Jean-Luc De Meyer a désormais la tête rasée, lui aussi, et un peu aminci. Il reste globalement en léger retrait par rapport à Richard, sa voix si typique et déjà assez étouffée naturellement étant un peu moins audible que jadis. Mais il était là, il danse, il chante derrière ses lunettes noires et fait la pose sur l'incontournable "Funkadhafi" restitué avec fidélité. Sur la base EBM classique, le groupe recourt toujours à fond aux réverbérations, effet simple mais tiré à son maximum. Certains morceaux étaient aussi bien réarrangés. Richard prenait parfois des percussions électroniques aux côtés de Tim Kroker, le batteur live qui reste indéboulonnable malgré son rôle limité à doubler la boîte à rythmes et les critiques constantes que cela amène de la part de certains fans issus des clubs. Patrick Codenys occupait l'autre côté de la scène avec ses claviers et ordinateurs pour gérer les programmations, lui aussi sous lunettes noires parfaitement inutiles et le crâne enserré dans son gros casque.

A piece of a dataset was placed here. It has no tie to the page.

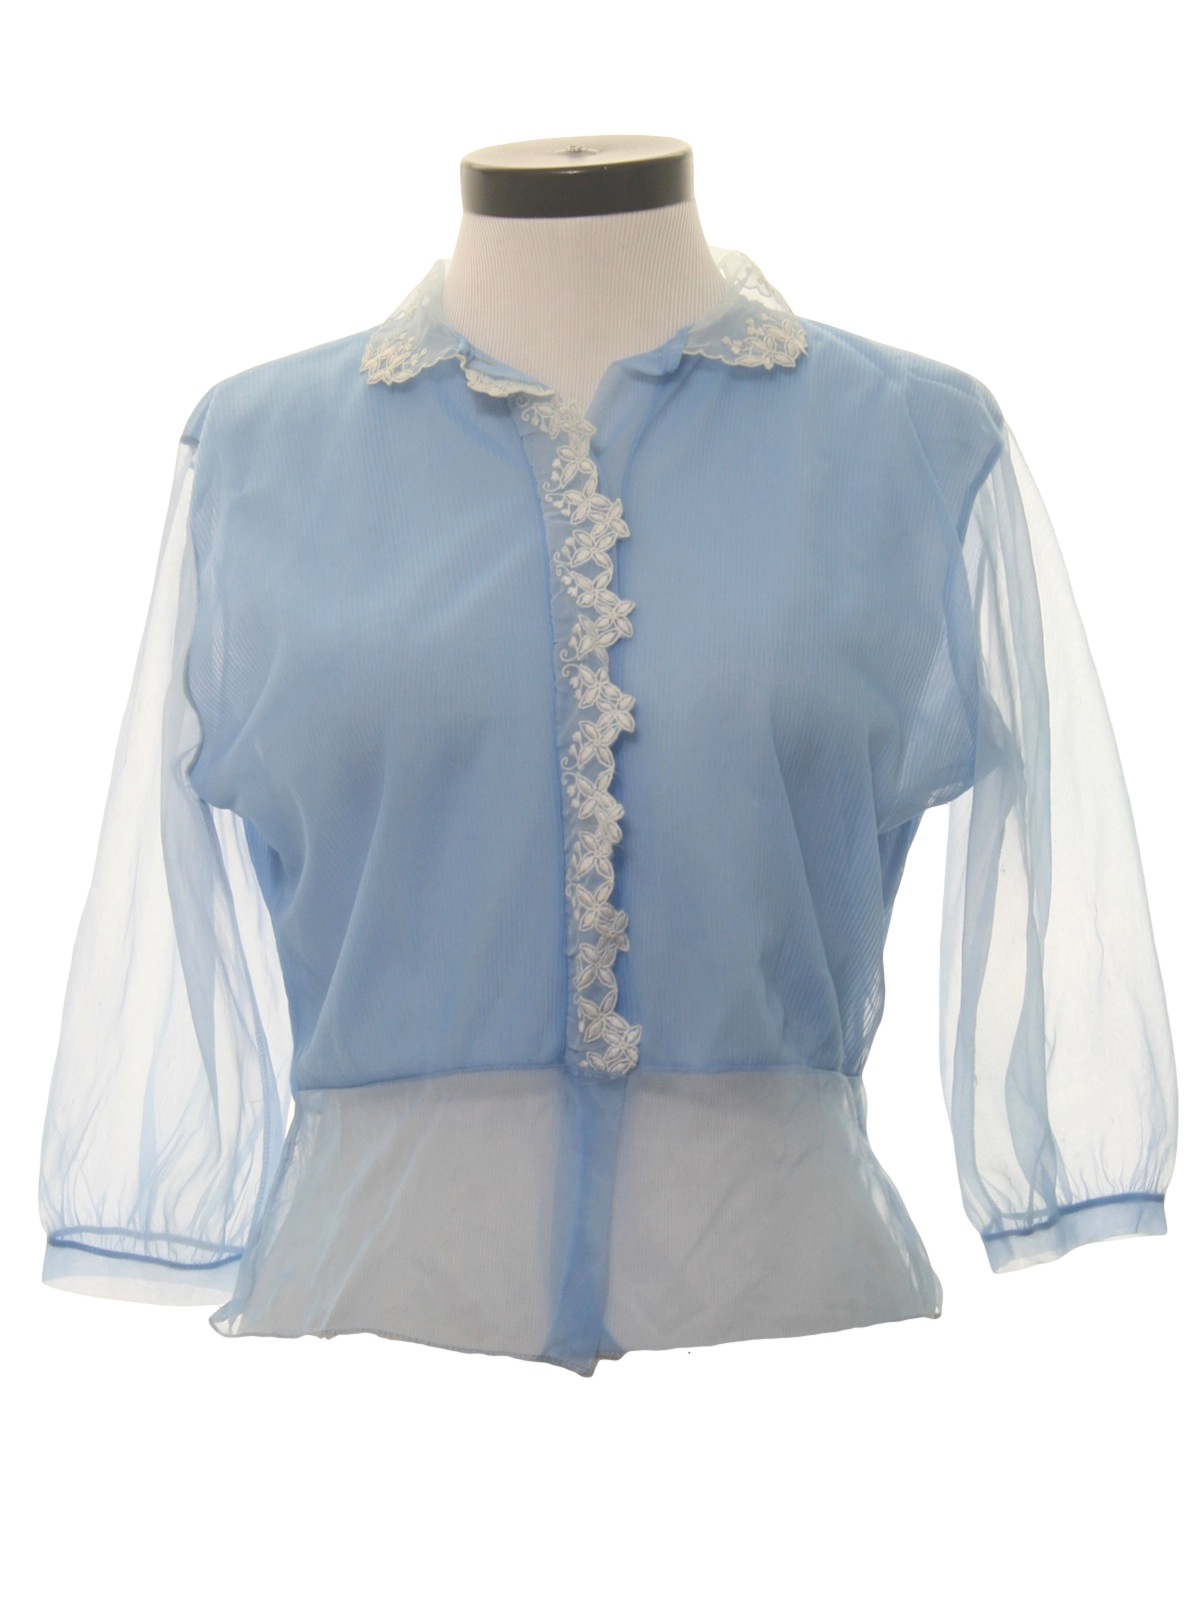 Retro 50's Shirt: Late 50s or early 60s -Kitty Kane- Womens sky blue ...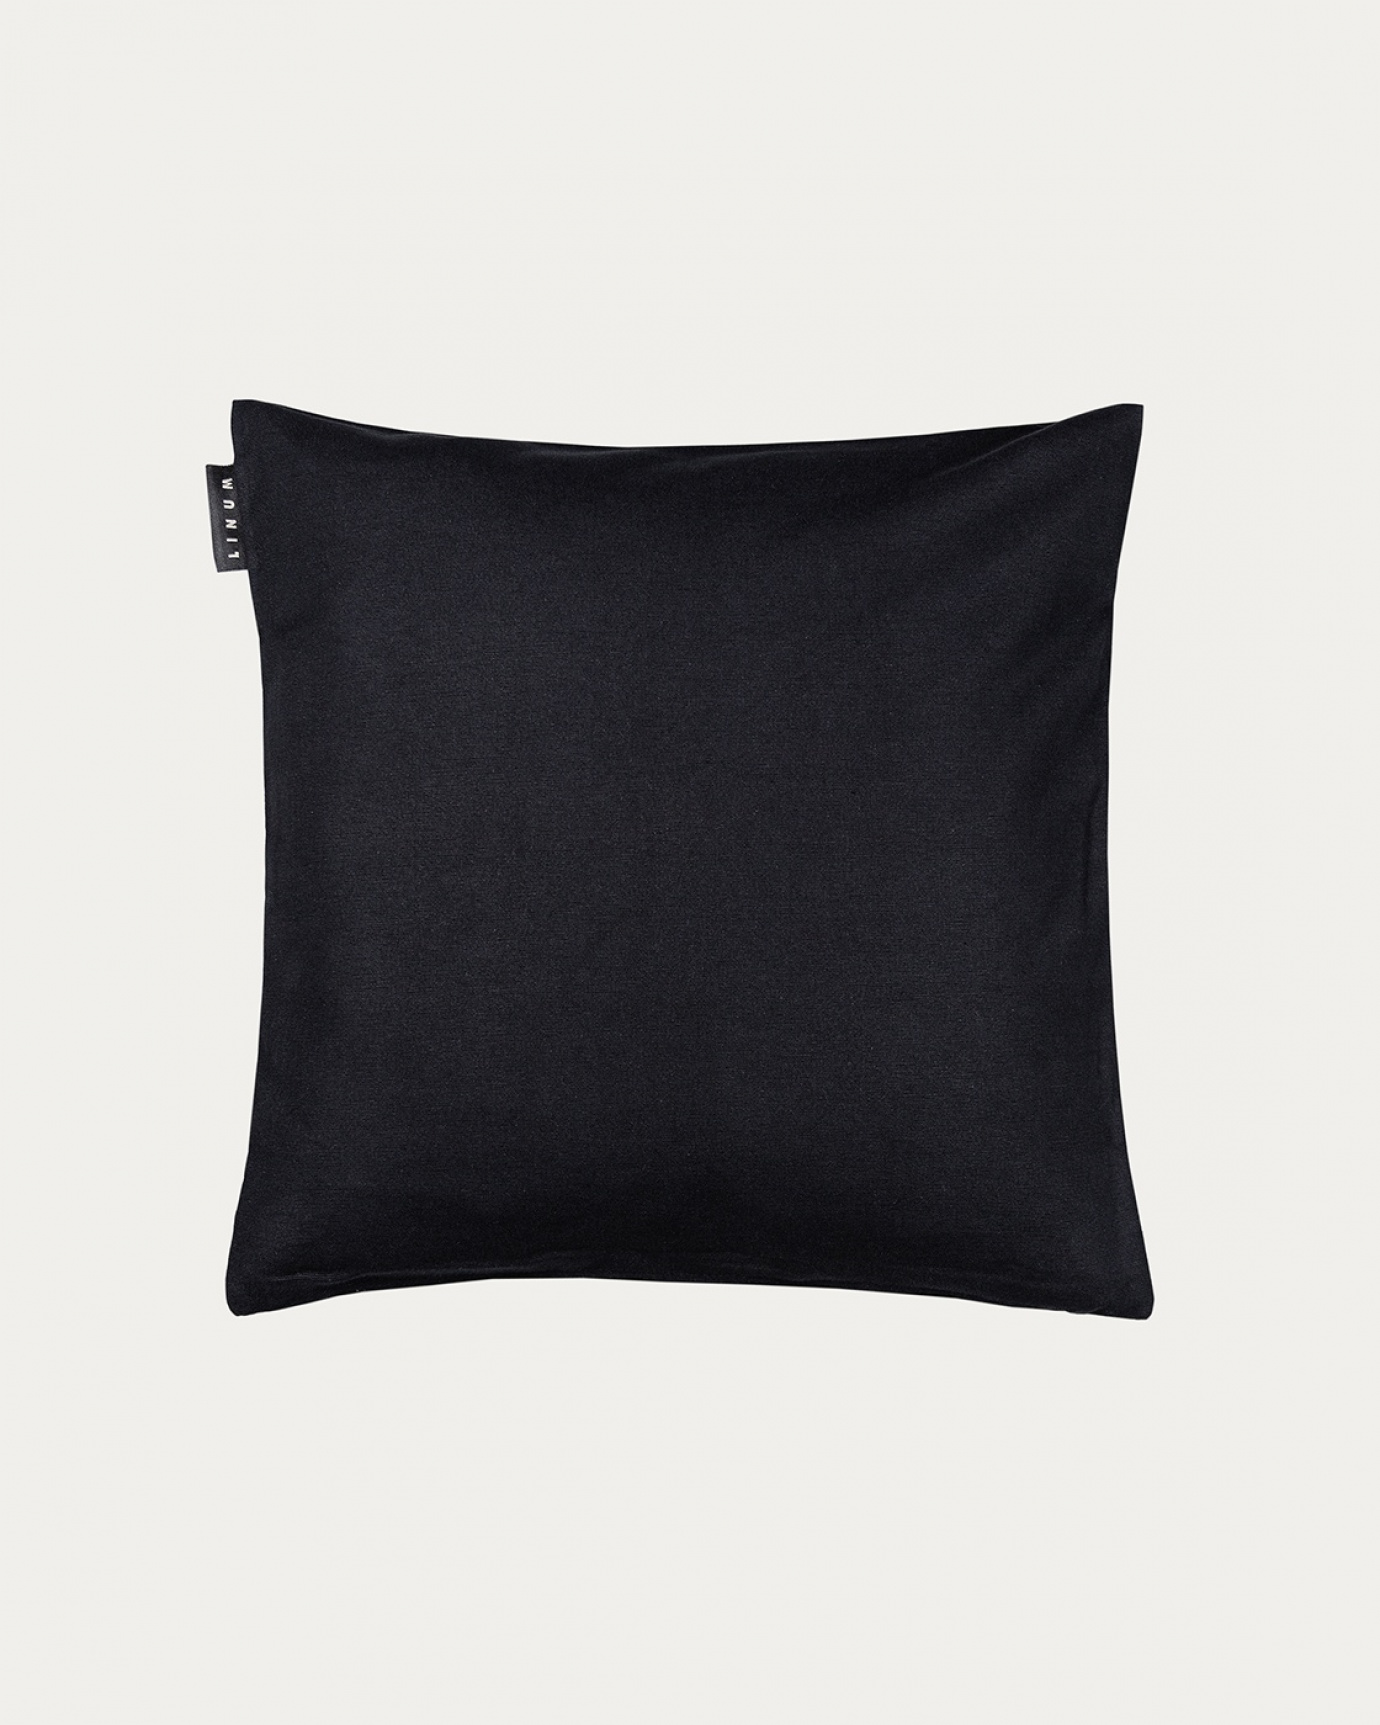 Produktbild svart ANNABELL kuddfodral av mjuk bomull från LINUM DESIGN. Storlek 40x40 cm.

Dans une salle un peu plus petite que les autres fois, je profitais mieux et d'ailleurs tout le public autour était bien à fond, ça se chamaillait même un instant avant que Richard ne tonne d'un Brusselaire viril ("On est là pour se marrer, pas pour se frapper !"). Régulièrement, un fan torse poil montait sur le côté de la scène et faisait quelques pompes le dos droit avant de se replonger, impassible, dans le premier rang… plus EBM, tu meurs !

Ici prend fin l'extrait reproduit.